The next day, the university returned to its usual rhythm —

because Ling Kwong allowed it to.

Her Rolls-Royce arrived precisely on time. Students straightened instinctively. Conversations died mid-sentence. Heads lowered. Fear and awe mixed the same way they always had.

Ling stepped out like nothing had touched her.

Perfectly pressed blazer. Controlled stride. Expression carved from stone.

If anyone expected cracks after the headlines, after the scandal, after the whispers — they were disappointed.

Ling ruled as she always had.

She crossed the courtyard without looking at anyone, yet everyone felt seen. Professors nodded too quickly. Administrators smiled nervously. Students moved out of her path like instinct.

In the auditorium, her presence alone reset order.

A boy laughed too loudly — Ling's gaze flicked once.

Silence followed.

Power didn't need noise.

Rhea didn't come.

One day passed.

Ling noticed by the second lecture.

She told herself she didn't care.

Two days passed.

Ling stopped looking at the entrance.

Three days.

A faint irritation crept in — not concern, not worry.

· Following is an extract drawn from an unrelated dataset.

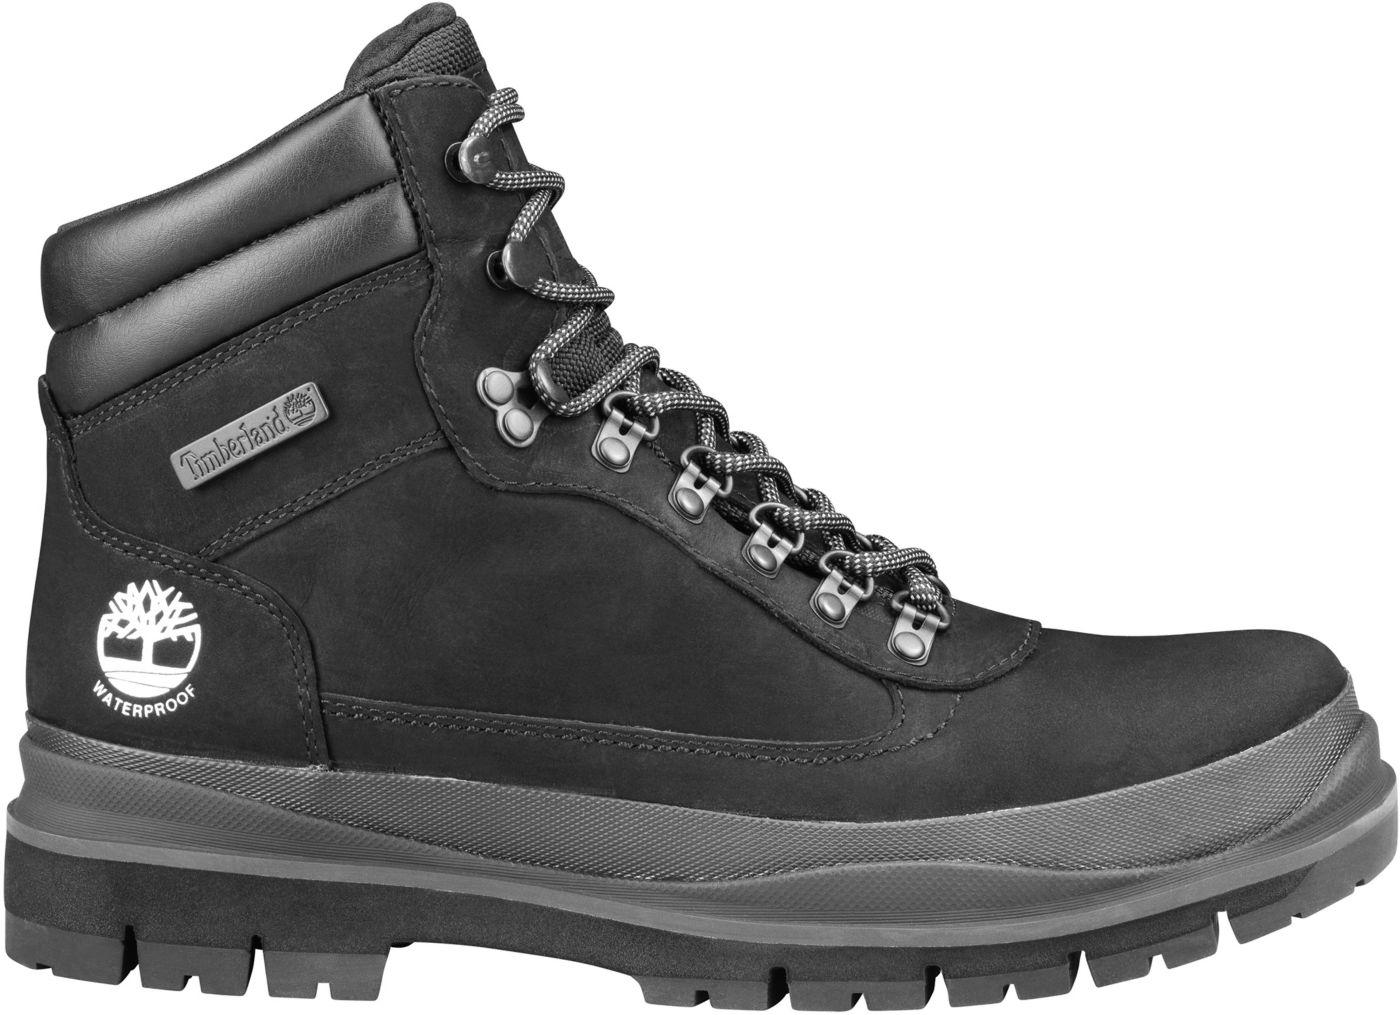 Timberland Men's Field Trekker 200g Waterproof Hiking Boots

That's what she told herself.

"She's avoiding," Ling muttered one evening, tossing her keys on the desk in her private university room. "Coward."

But her eyes lingered on the empty chair longer than necessary.

By the fourth day, Ling had already acted.

She hadn't gone to Rhea.

She hadn't called.

She hadn't broken her own rules.

She had gone to Zifa.

Not publicly. Not directly.

A single message.

Ling:I need information. Not opinions.

You will not tell her.

Zifa stared at her phone for a long time before replying.

Zifa:About her condition?

Ling's jaw tightened.

Ling:Everything.

There was a pause.

Then:

Zifa:I won't tell Rhea.

That was all Ling needed.

Information came in fragments.

Short. Clinical. Controlled.

"She's still weak."

"Blood loss was more than expected."

"She's not attending classes."

"She avoids questions about you."

Ling read each message once.

Never replied.

Never asked follow-ups that sounded emotional.

Only once did she type something and delete it.

Is she—

Gone.

Ling leaned back in her chair, eyes closing briefly.

"So you chose disappearance," she whispered. "Good."

But her fingers curled slowly into her palm.

A week passed.

Rhea still didn't come.

Whispers started again.

"Isn't she Ling Kwong's—"

"Didn't something happen—"

"I heard she collapsed—"

Ling shut it down publicly with ruthless efficiency.

One warning.

One punishment.

One expulsion threat.

The campus fell silent.

"No one speaks her name," Ling announced coldly in a closed meeting.

"If I hear it again, I'll make examples."